International markets fear the United States' $14,3 trillion debt; tension will continue until fears of payment problems dissipate; "We will find ways to resolve this serious issue," says Obama.

247_Stock markets around the world are painted red. Not a single index can escape global fears that the United States is close to defaulting on the biggest debt in recent economic history. At 12:15 PM Brasília time, the Ibovespa is down 1,6%, while indices in France, Germany, England, and Spain, which are nearing their closing time, are down 3,1%, 1,2%, 1,5%, and 3,3%, respectively. The American Nasdaq, S&P 500, and Dow Jones are down 1,9%, 1,6%, and 1,3%, respectively. Bucking the trend of risk, investors are flocking to gold, the safe haven during times of global panic. The metal is up almost 1% today, and its price in the futures market is approaching the record value of US$1,6 per ounce (world standard).

The fear will only dissipate if President Barack Obama manages to convince Congress to raise the country's debt limits. Right now, Obama is in the White House press room explaining the actions the United States needs to take to avoid the risk of default in August. With debts of US$14,3 trillion, the president seems confident he will find a way out, although he appears evasive. "We will find ways to resolve this serious issue," Obama said a short while ago. "This discussion had to happen someday. And it's happening now."

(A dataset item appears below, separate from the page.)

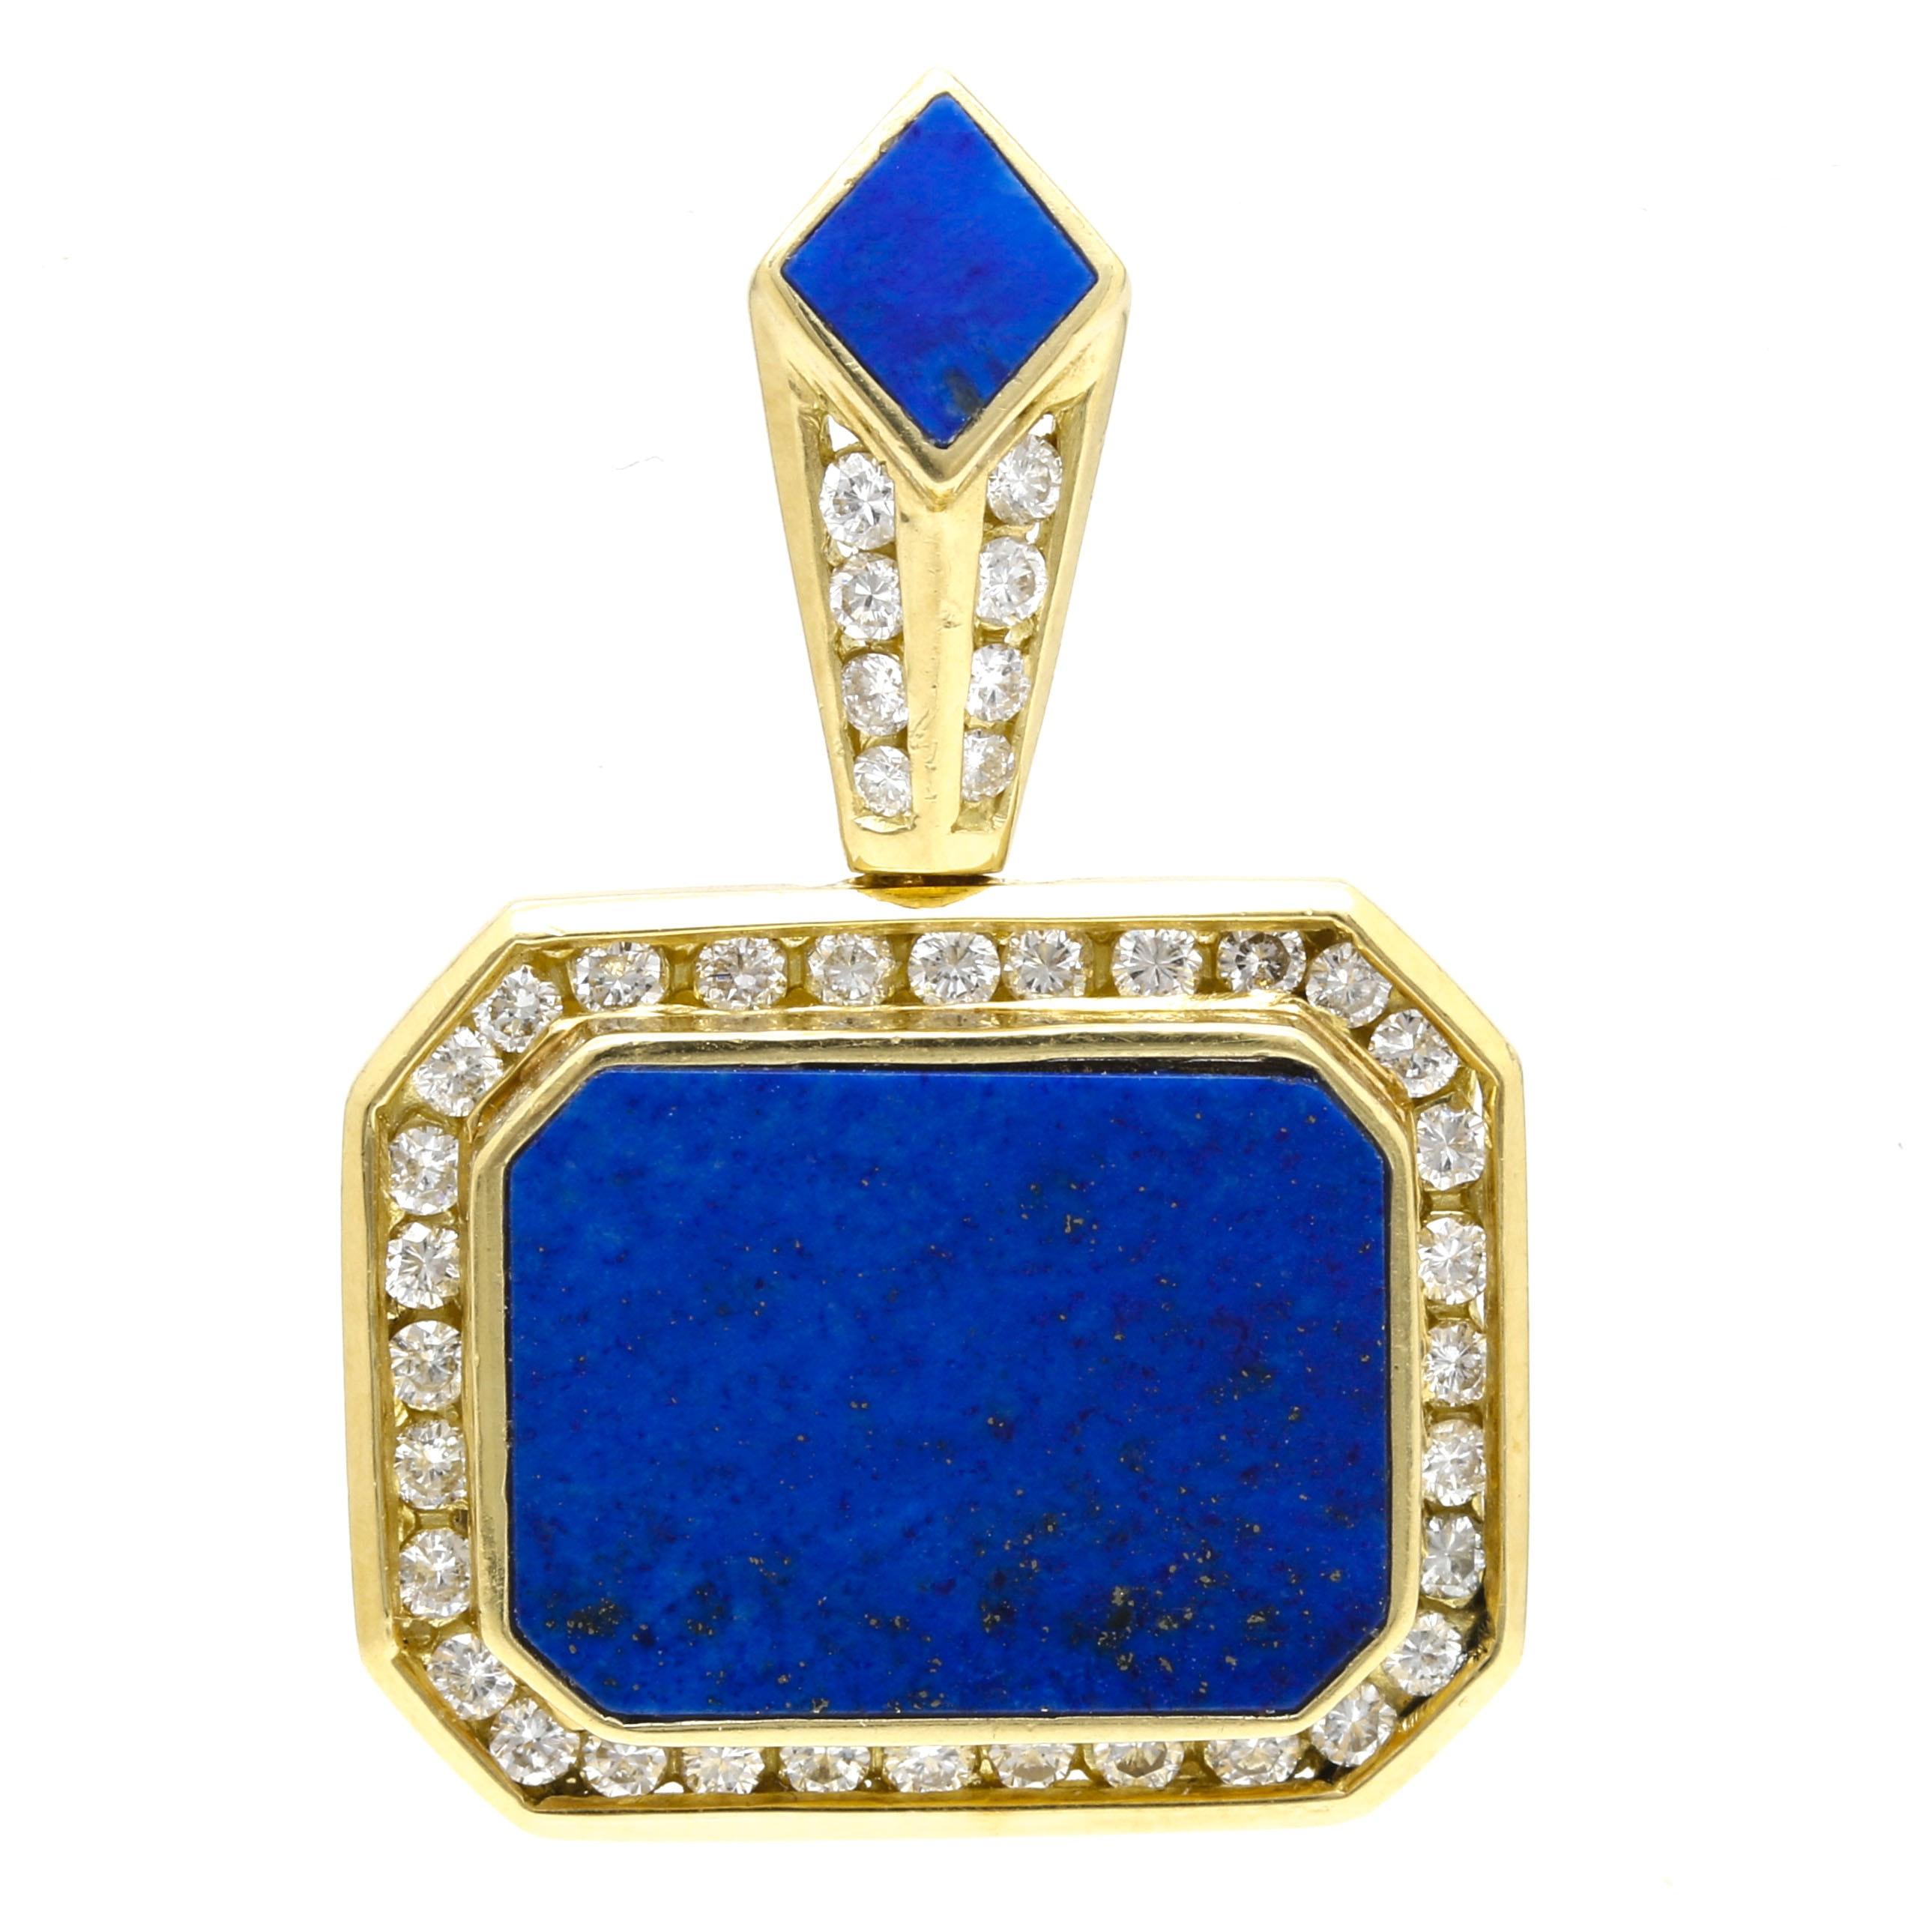 La Triomphe 18K Yellow Gold Lapis Lazuli and Diamond Pendant

The United States is heading towards an unprecedented default on its debts to the market. Last night, a meeting at the White House between President Barack Obama, Vice President Joe Biden, and eight members of the US Congress, including the Speaker of the House of Representatives, John Boehner, ended without practical results. The government wants to operate without the $14,9 trillion debt ceiling – which will be reached on August 2nd. From that date, under current rules, the American administration will no longer have the resources to meet its commitments, such as redeeming bonds held by investors worldwide. Congress, however, refuses to release the government from the debt ceiling without obtaining, in return, measures to increase tax revenue and cut public spending. The most that the White House meeting produced was the scheduling of a new meeting for today. "The president was visibly frustrated," one of the participants told USA Today.

The demand from lawmakers to raise the US debt ceiling is for a federal program that would increase revenue by $1 trillion and reduce government spending by $3 trillion. The problem is that Obama and Biden's promises in this regard are not convincing Republicans, who refuse to release more money for the government to meet its existing commitments. If the impasse continues, it will lead to default starting August 2nd.

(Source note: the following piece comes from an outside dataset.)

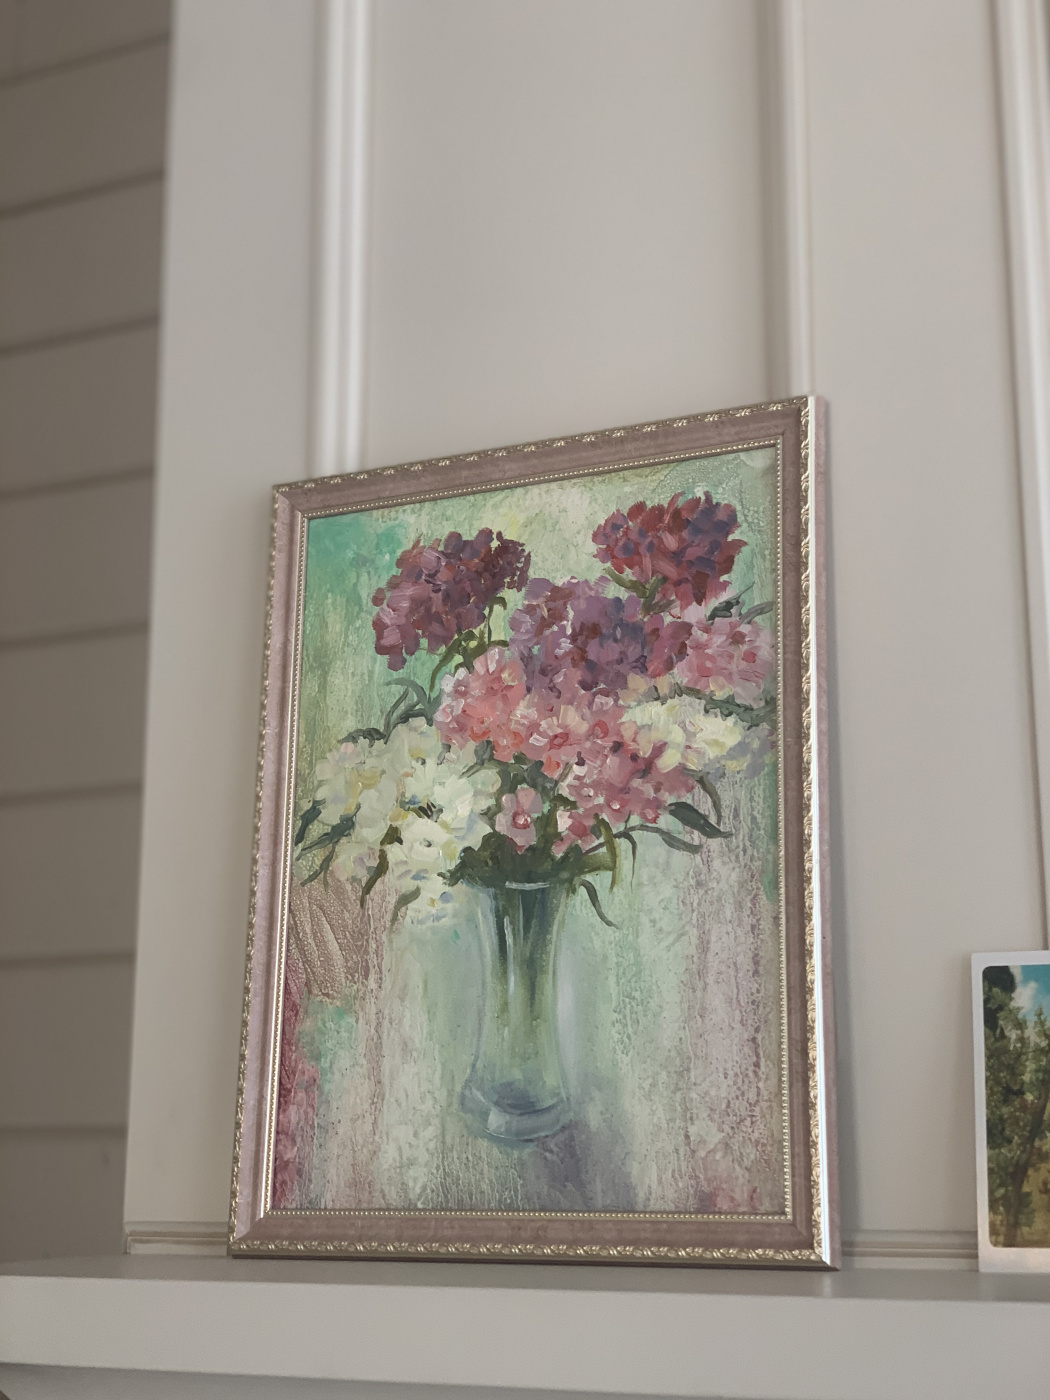 Alena Sleep. Flowers in a vase

The prospect of the world's largest economy defaulting on its debt is raising tensions at the highest levels of the global economy. "I can't imagine for a second that the United States could default," IMF Managing Director Christine Lagarde told The Wall Street Journal. "That would be a real shock and bad news for the US economy." She added that a US default would "certainly compromise the stability" of the global economy. "I hope there will be enough intelligence from both parties and an understanding of the challenge that lies ahead for the United States, but also for the rest of the world," she stated.